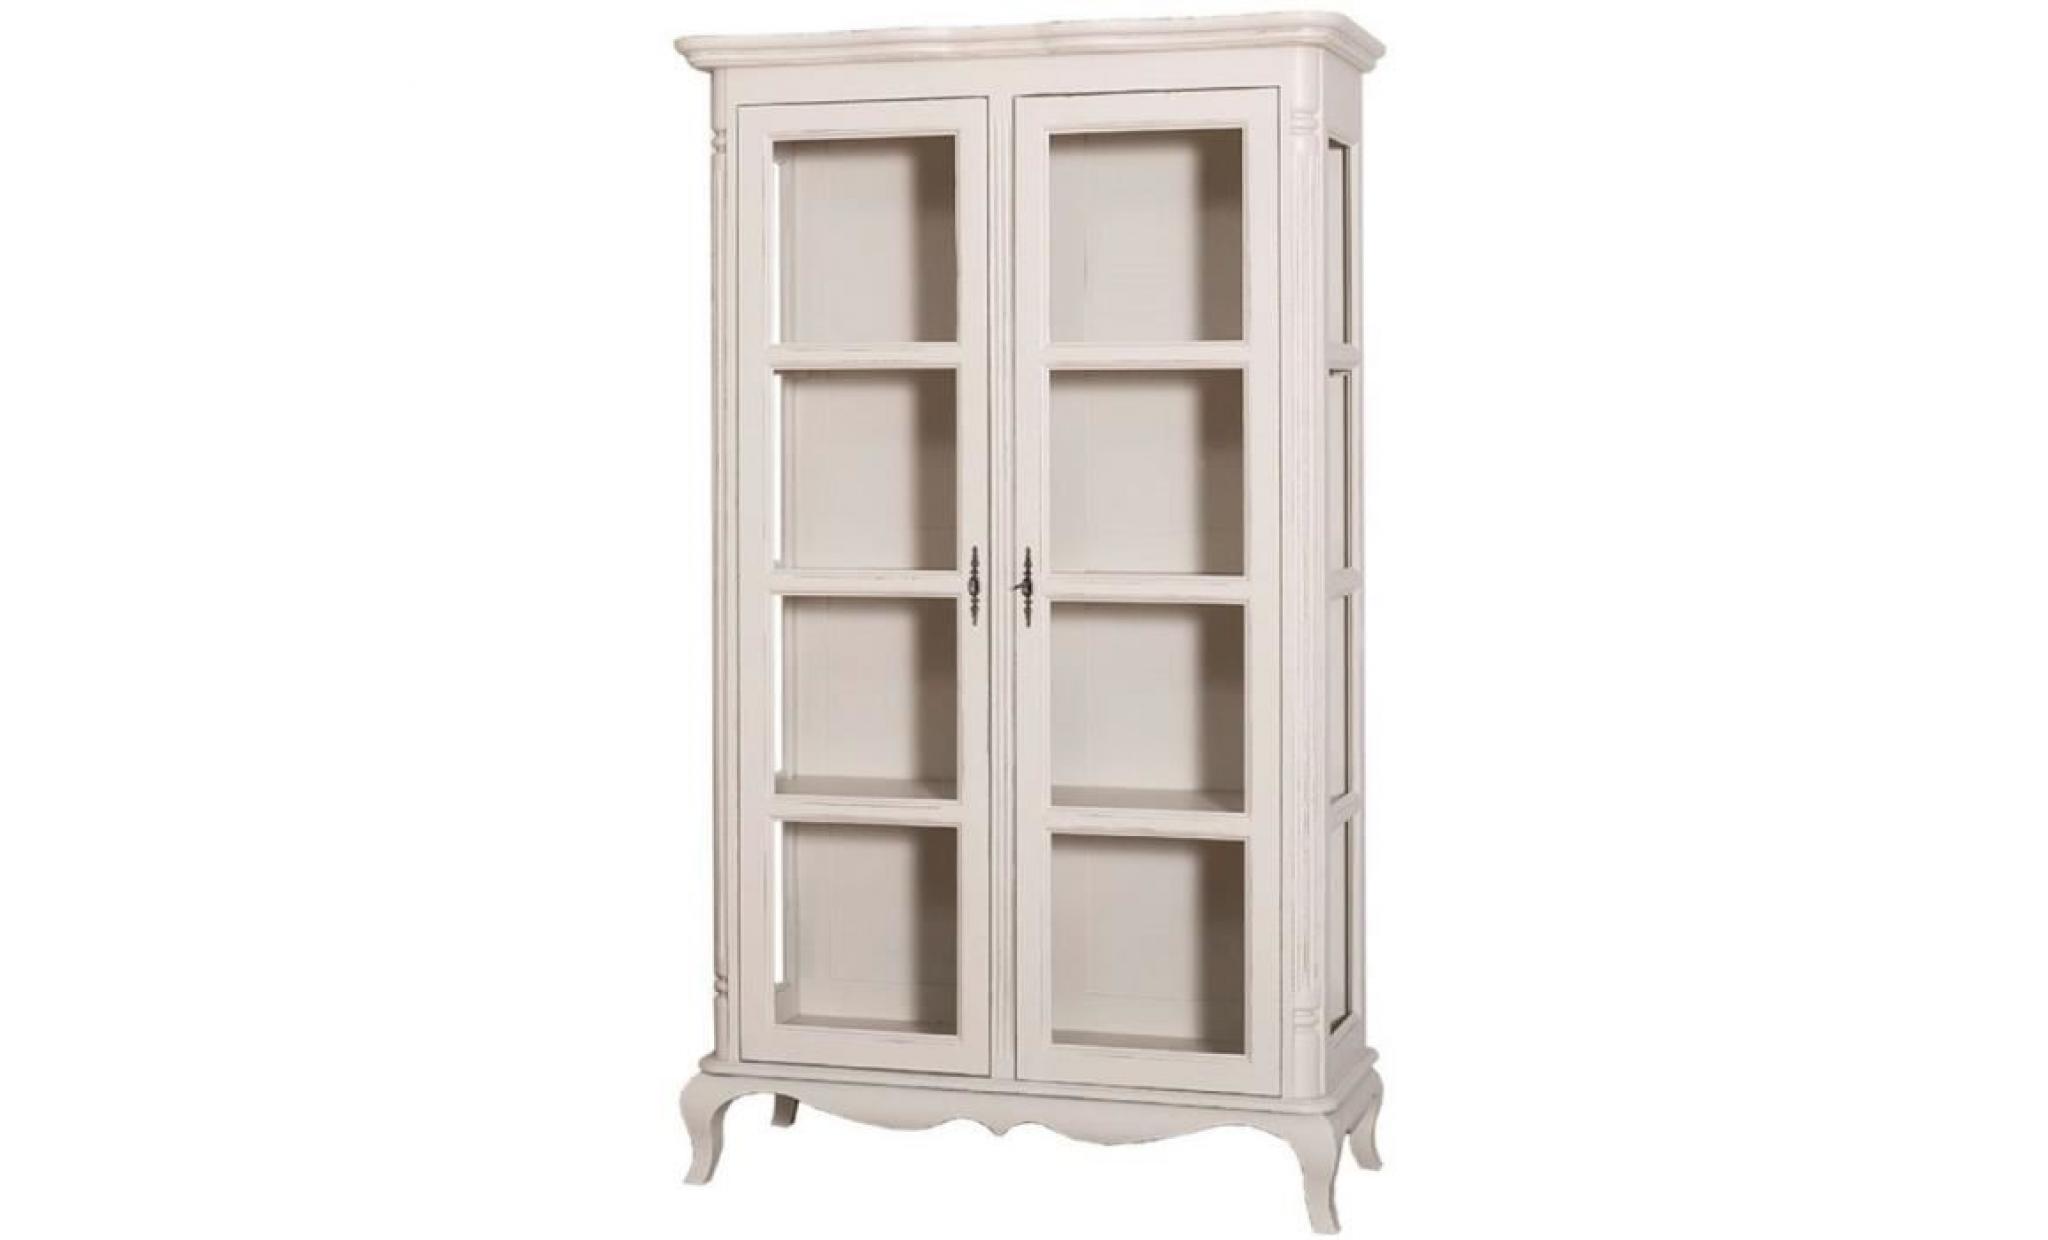 casa padrino armoire vitrine de style campagnard gris clair antique 112 x 49 x h. 190 cm   armoire de salon en bois massif avec 2 pas cher
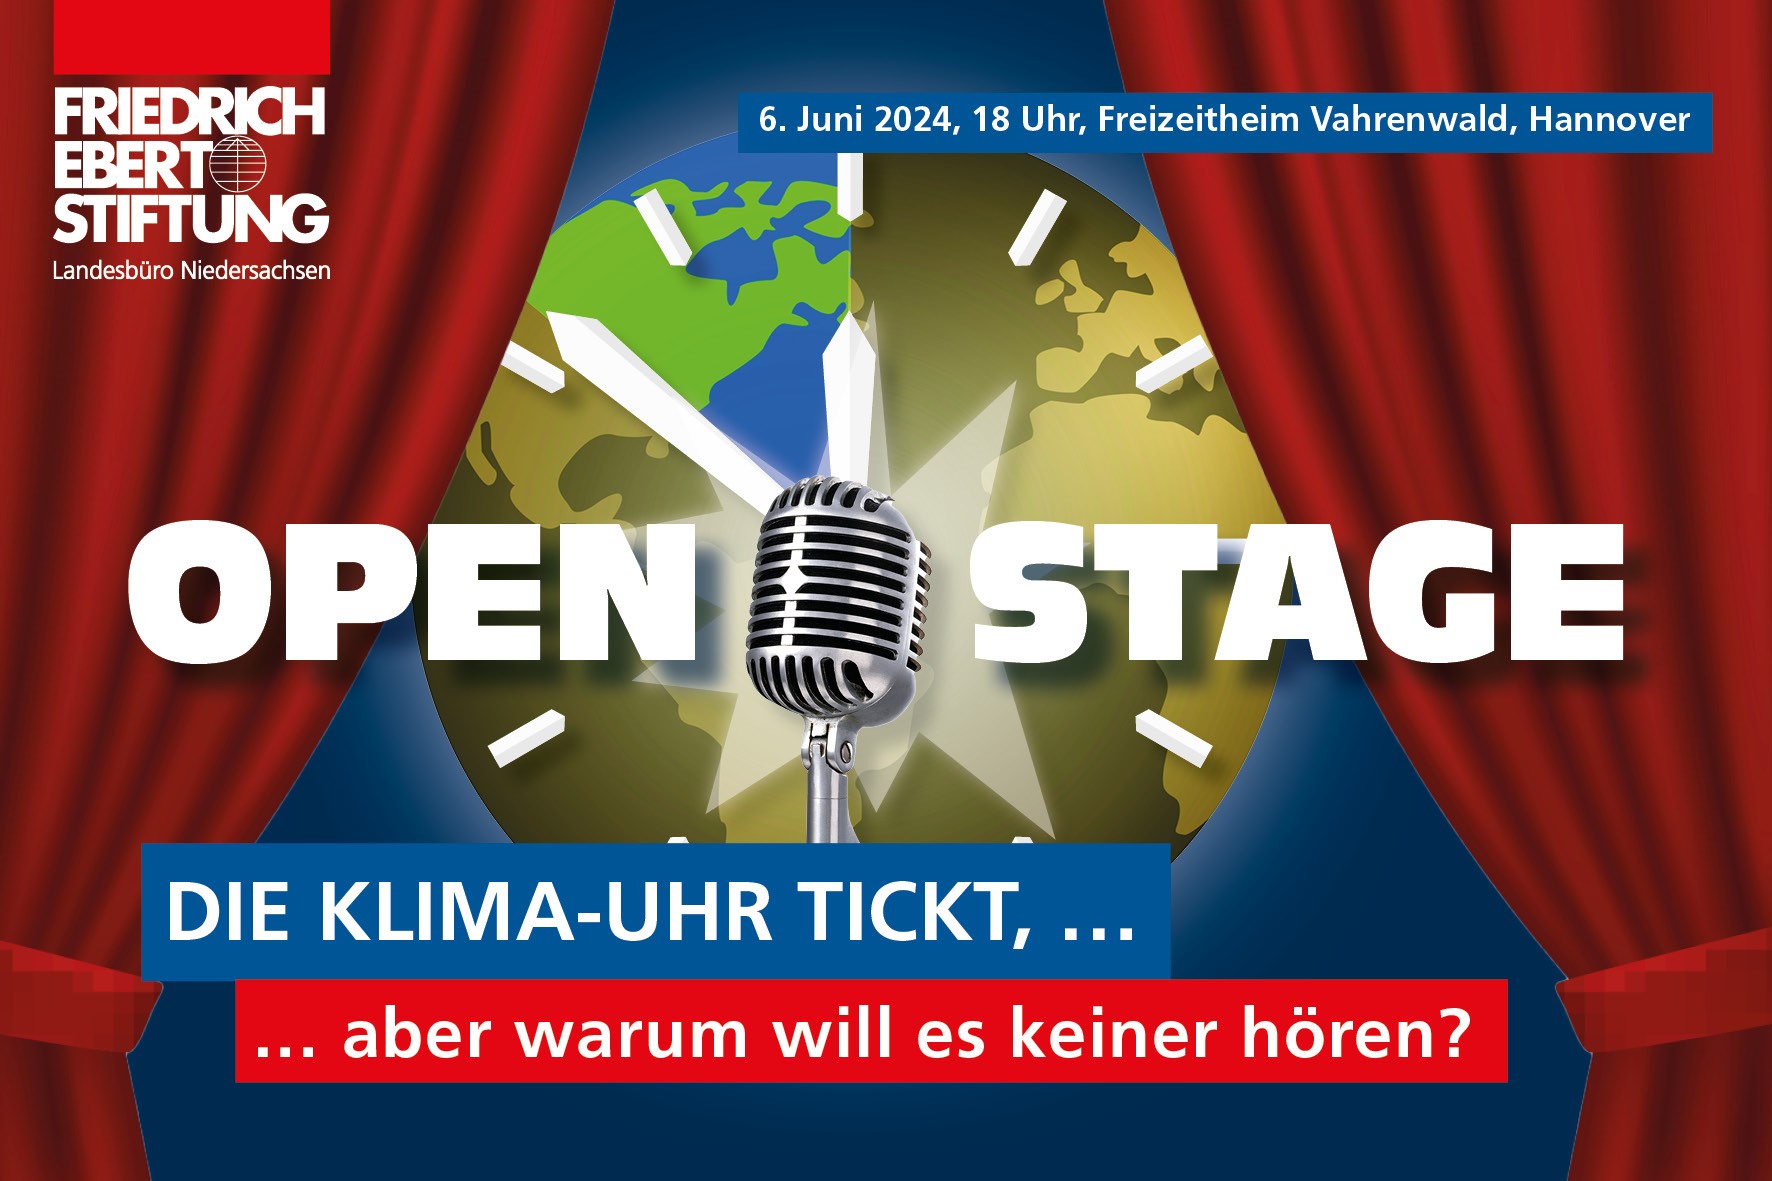 Open Stage - Die Klima-Uhr tickt, aber warum will es keiner hören?
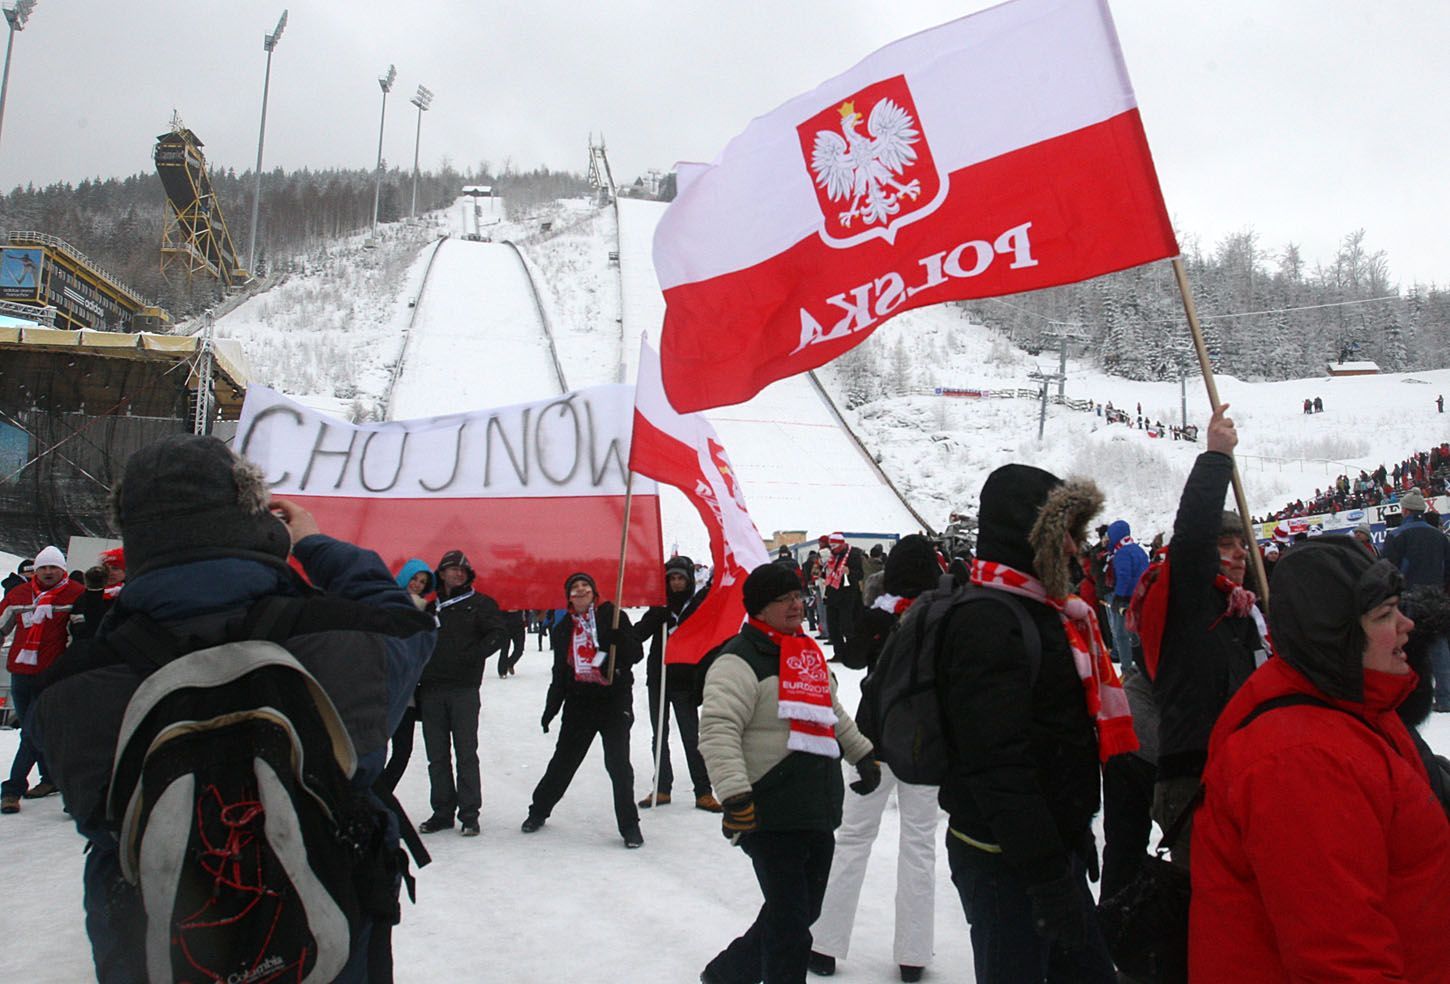 Lety na lyžích, Harrachov: fanoušci
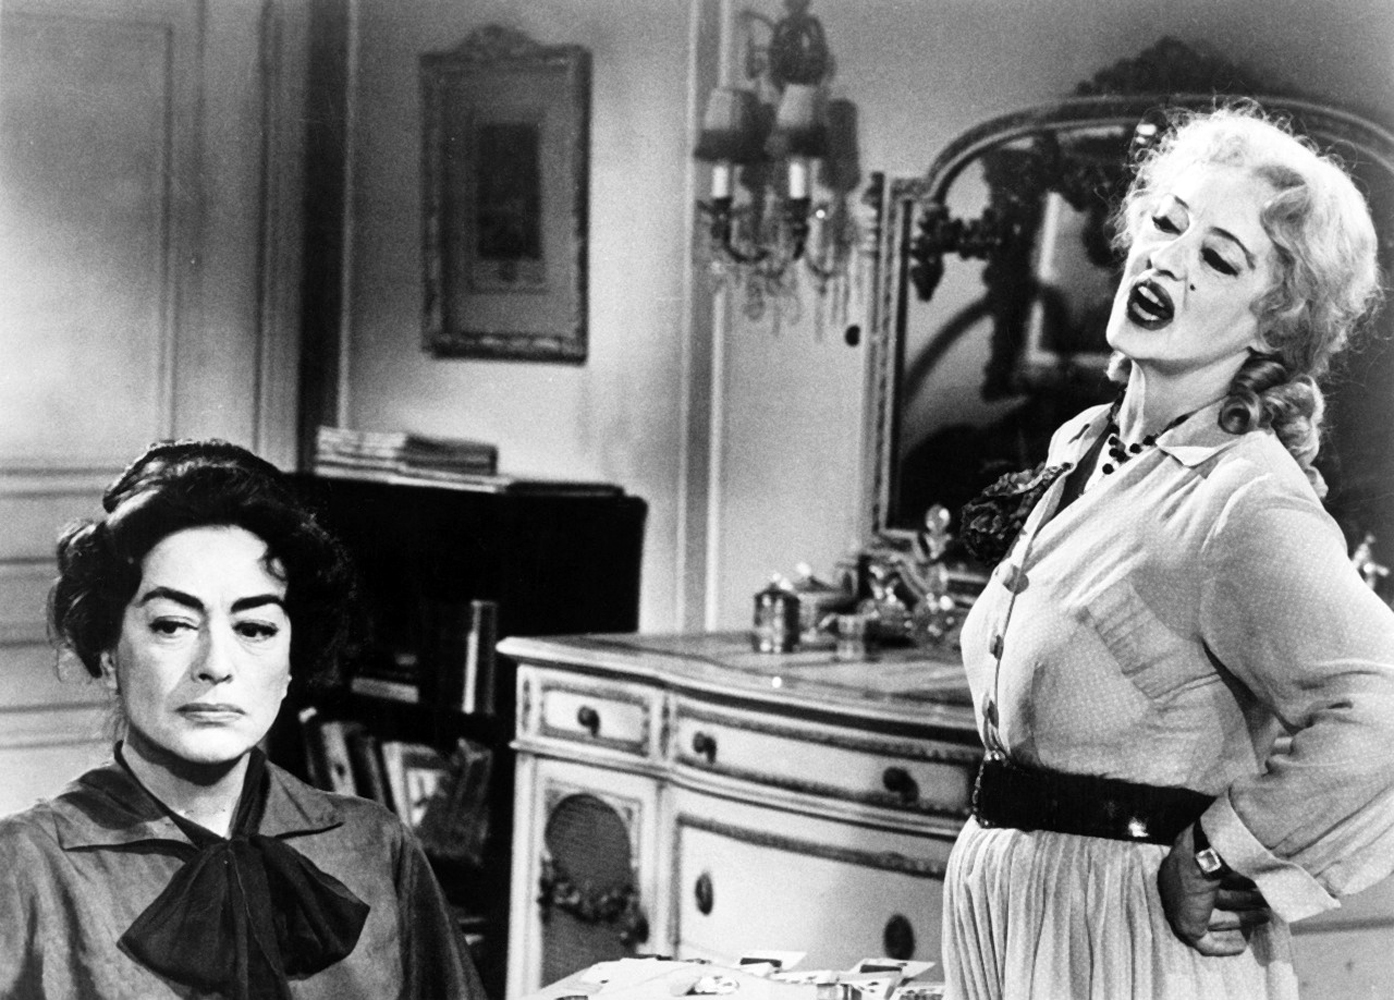 Film çekimleri sırasında Joan Crawford’un tekerlekli sandalyede, kız kardeşinin tutsağı zavallı bir karakteri canlandırırken bile hala güzel görünmek derdinde olmasının Bette Davis’i çıldırttığı rivayet ediliyor.

**ACTIVITY**.
Retyped exactly, the lines from the one holding "Open Stage - Die" through the last line of the data above are the whole answer. Pictures stay out.

**RESULT FOR THIS TASK**.
 Open Stage - Die Klima-Uhr tickt, aber warum will es keiner hören?
 Lety na lyžích, Harrachov: fanoušci
 Film çekimleri sırasında Joan Crawford’un tekerlekli sandalyede, kız kardeşinin tutsağı zavallı bir karakteri canlandırırken bile hala güzel görünmek derdinde olmasının Bette Davis’i çıldırttığı rivayet ediliyor.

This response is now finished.